The late Jim Beebe helped guide the Whitehorse Star through one of the territory's most noteworthy times in recent history.
Beebe, who died unexpectedly March 19 in Victoria at the age of 62, first took over as editor for a brief period in the early 1970s.
It was during his return to the helm from 1978 to the spring of 1982 that Beebe and Star staff reported on dramatic and everlasting changes to the territory's landscape and its social fabric.
It was under Beebe's watch in 1979 that the Dempster Highway was opened, piercing through mountains and slicing across tundra like nowhere else in the Western Hemisphere.
In a journal-style report, the late editor provided readers with an insight into the ruggedness and beauty of a wilderness witnessed by few until then.
He sat as the boss, but maintained his affection for writing and reporting, with features like his experience on the Dempster to an in-depth view inside the workings of the Whitehorse Copper mine.
As Beebe's seat was just beginning to warm in his second tenure at the Star, the days of governance in the territory underwent a dramatic shift, from a supposedly non-partisan territorial council to party politics.

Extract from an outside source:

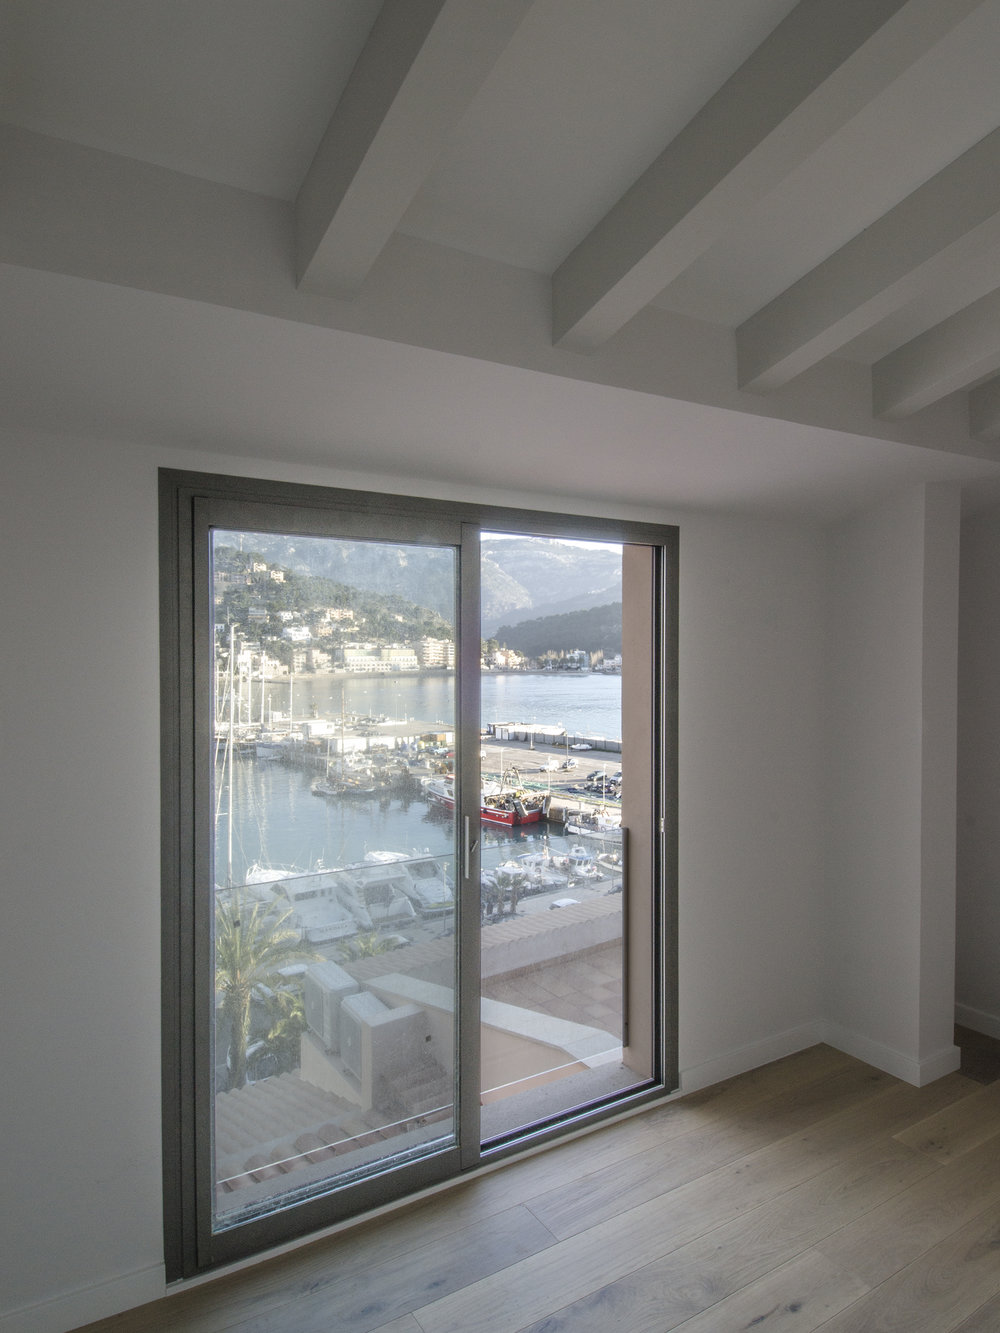 AS_INT_L_room 4th floor_3x4_2500px_72DPI.jpg

The Conservatives, since renamed the Yukon Party, were the first to rule.
Then in his mid-30s, Beebe and the staff watched as the sun began to set on the Yukon's relatively prosperous times of the 1970s.
It was an era anchored by the success of the Cyprus Anvil Mining Corp. mine near Faro, Whitehorse Copper and a generally healthy mining industry.
The early 1980s brought devastation to the Yukon's economy.
Jackie Pierce, the Star's owner-publisher, worked alongside Beebe both in the early 1970s and as the advertising manager during his second stint at the newspaper.
Beebe, she said, was in charge during periods of great change for the Yukon.
'He was a fine editor,' she said.
Current editor Jim Butler, who Beebe hired by telephone out of Montreal in 1981 to become the paper's government reporter, said he had immense respect for Beebe's vast knowledge of the territory, his broad network of news contacts and his strong sense of journalism ethics.
'It's incredibly sad that someone with such a sweeping knowledge of the North, and his keen sense of history and tradition of newspapers, has left us while still in the prime of his life, especially as a family man,' Butler said.
Beebe was born in Lincoln, Neb. in 1945 and came to Canada in the 1960s as an anti-Vietnam War activist.
His career as a reporter began with the Toronto Star before he first came to the Yukon in the early 1970s.
Following his departure from the Star in 1982, Beebe went on to work as a communications advisor for what was then the Council for Yukon Indians, and later moved over to the Yukon government.
In 1992, Beebe moved south and began a career as a senior advisor in several ministries with the Province of B.C. over the years.
He is survived by his wife, Lorna Harris, two children and many members of his immediate family.
The Star has had only three editors in the last 29 years Beebe, Massey Padgham, from 1982 to 1988, and Butler, from 1988 to the present.
Padgham now works on the news desk of the Vancouver Sun.